Lipedema is graded by stage. In Stage 1, the skin surface is smooth over an enlarged hypodermis. Stage 2 skin is uneven, with indentations in the skin and fat and larger hypodermal masses. Large extrusions of tissue in Stage 3 inhibit mobility and fluid flux through the tissue. When lymphedema occurs with lipedema, it is called lipolymphedema. Most women with lipolymphedema also have a body mass index consistent with obesity.
The prevalence of lipedema is unknown, but estimates range from ~5% to 19%,9–12 meaning millions of women in the USA may be affected.

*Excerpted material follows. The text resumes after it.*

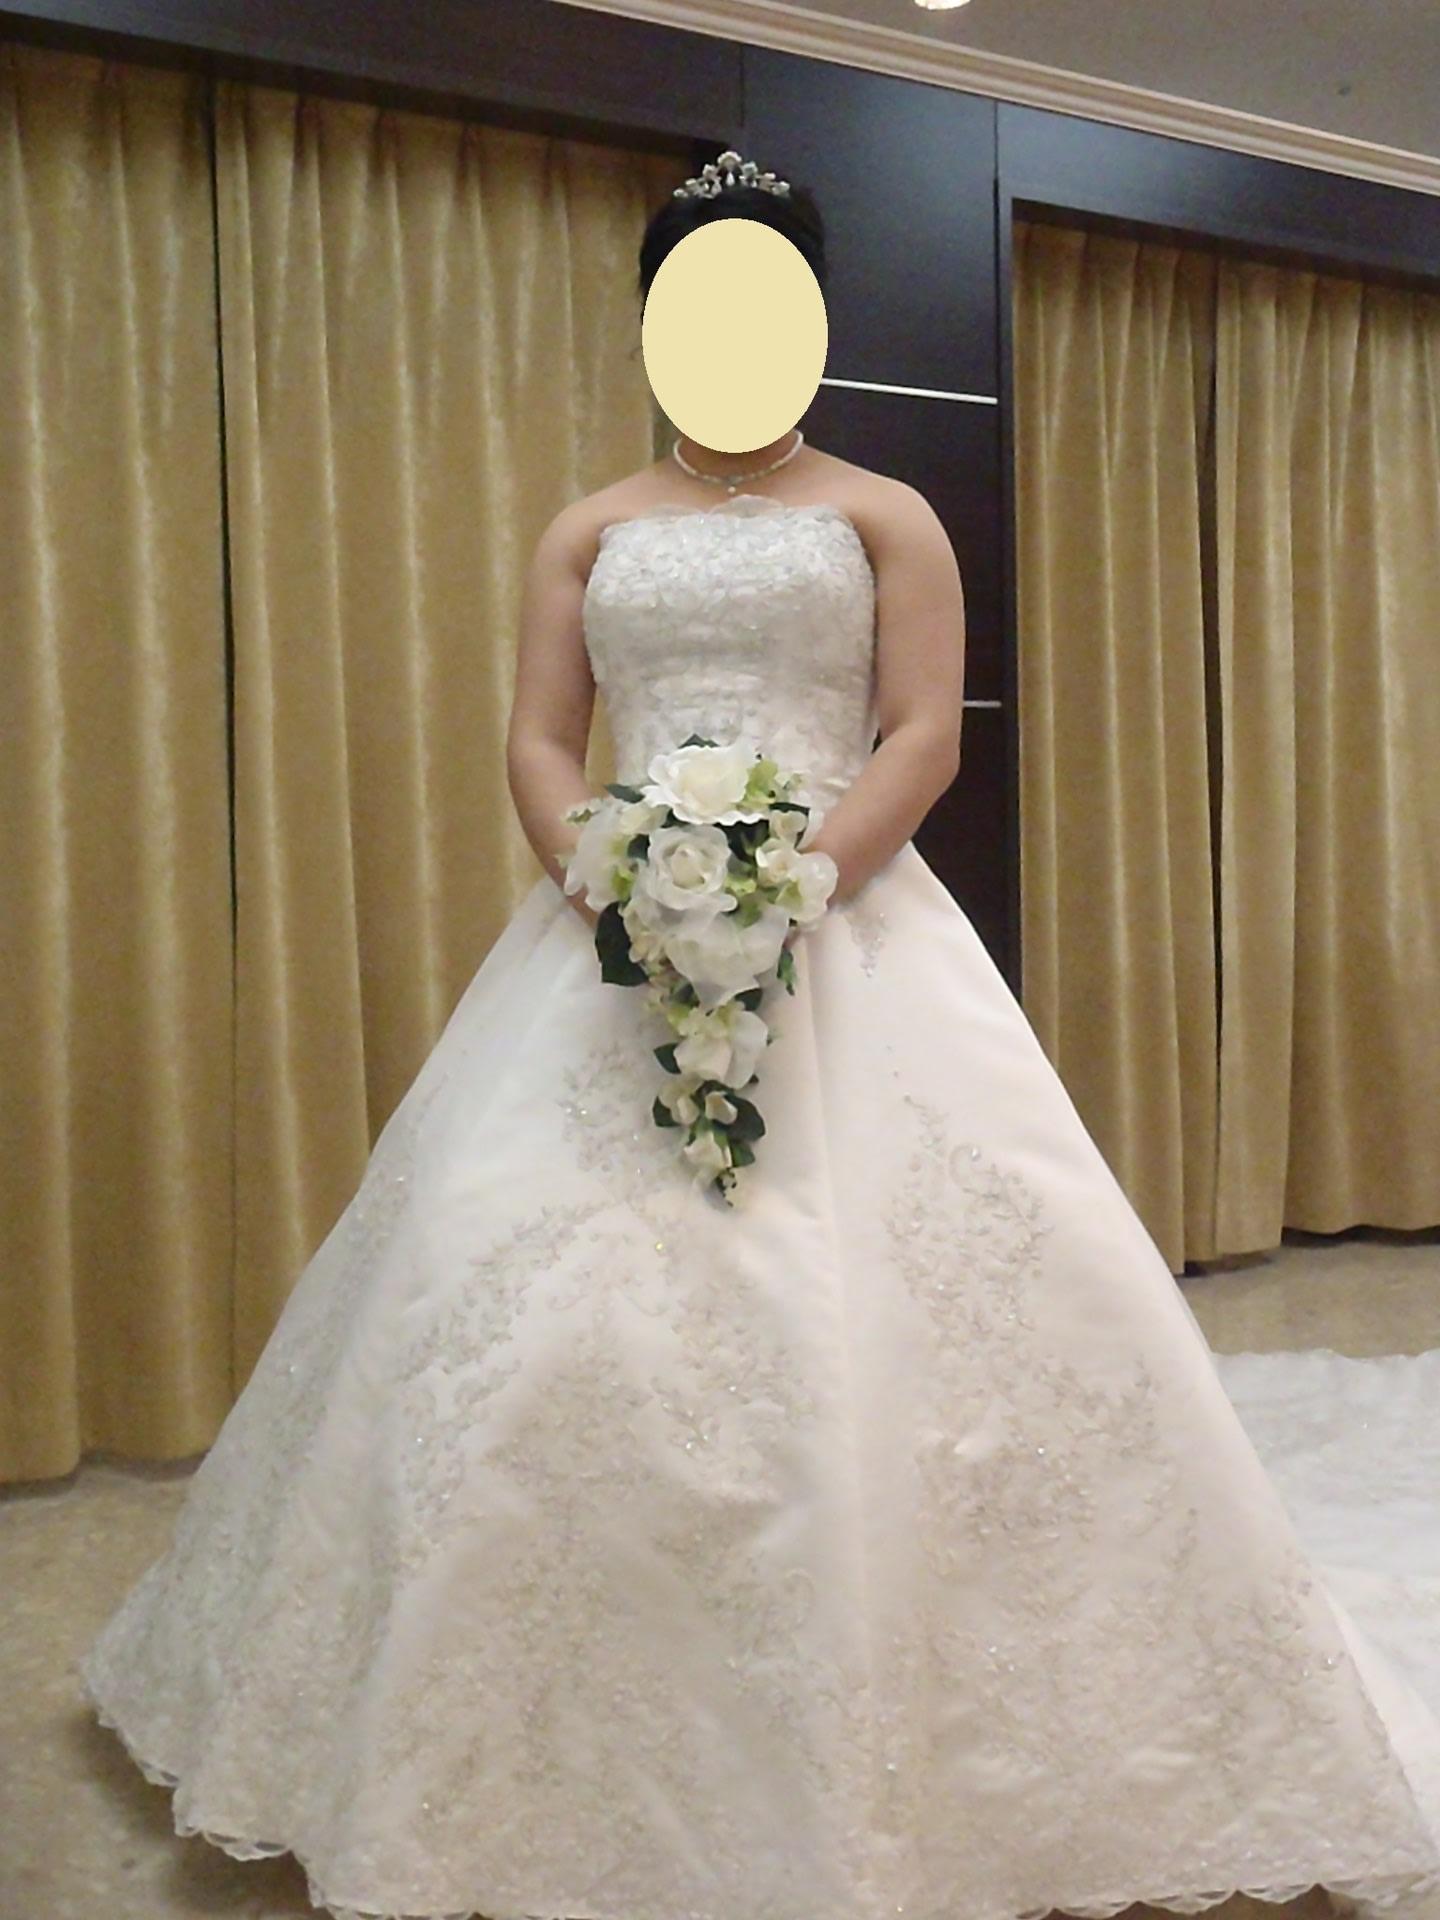 ウエディングドレス2着目、こちらはシルクの生地で22万円。 Aラインのドレスで、こちらの方がRさんのお気に入りです。

Standard conservative therapy for lipedema includes complete decongestive therapy with manual lymphatic drainage, sequential pneumatic compression pumps, compression garments, food, and exercise programs to maintain weight.
Lipedema reduction surgery is a standard method of improving the lives of patients with lipedema in Germany and is now being performed in the USA. Lipedema reduction surgery includes suction-assisted lipectomy (liposuction) modified to reduce injury to lymphatic vessels and manual extraction or excision. Most authors publishing on lipedema reduction surgery show improved quality of life and pain reduction by employing the tumescent technique of modified suction lipectomy with blunt cannulas, with or without a power-assisted liposuction hand piece.13–15 Water-assisted liposuction16,17 and laser-assisted liposuction18 have shown some success for patients with lipedema.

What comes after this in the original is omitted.